M.D. candidates Amit Vora and Gargi Khare received more than just a medical education at Hopkins; they found each other. Vora and Khare met while Khare was an undergraduate senior at MIT visiting Johns Hopkins and Vora, who has a public health degree from Harvard, was a first-year medical student at Hopkins. Although they both say that they “loved our time at Hopkins,” they will be relocating to Boston, a city that is close to their hearts. They participated in the Residency Match as a couple, Vora in Internal Medicine and Khare in Ophthalmology, and were one of seven 2009 couples from Hopkins matching.
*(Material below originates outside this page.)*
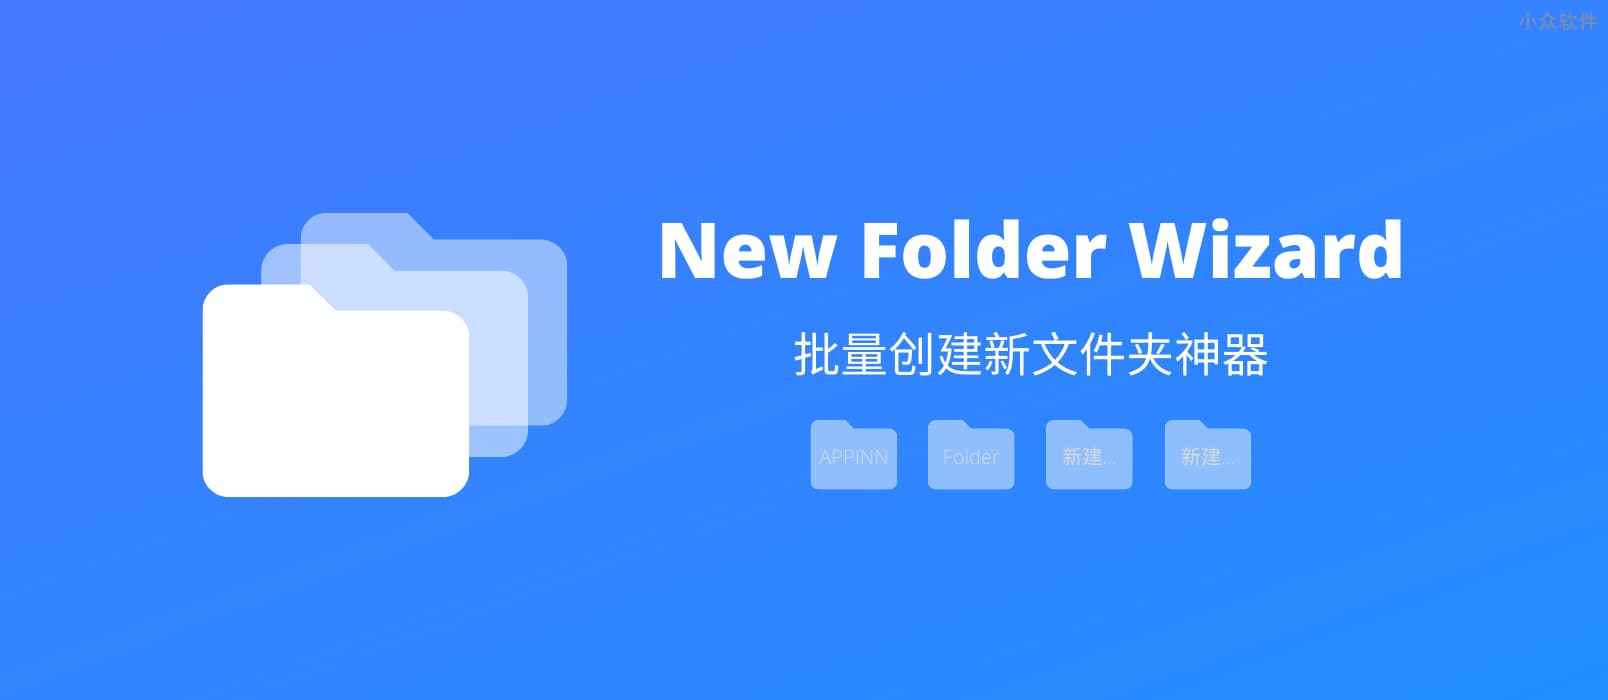 New Folder Wizard – 批量创建新文件夹神器[Windows]

Vora will do his residency training in internal medicine at Brigham & Women’s Hospital and Khare will do her preliminary residency training in internal medicine at Brigham & Women’s Hospital, followed by ophthalmology training at the Massachusetts Eye & Ear Infirmary.
On the Ph.D. side, Michael Acker, working with Jon Lorsch, Ph.D., in the department of Biophysics and Biophysical Chemistry, discovered that one of the many proteins involved in the manufacture of proteins in a cell acts as a molecular air-traffic controller by directing all of the other players to act at the correct time. He already has moved to a post-doctoral position at Harvard Medical School working on understanding how natural antibiotics are made.
Janna Merte, a student in the neuroscience Ph.D. program, pioneered a mouse genetic screening technique in the lab of David Ginty, Ph.D. She has discovered new hints into mechanisms of how cells “orient,” or which direction they’re facing, how the spinal cord develops, and how nerve cells interact with each other and other cells during nervous system development. Ginty adds that “several members in the lab are now following up on Janna's pioneering work.”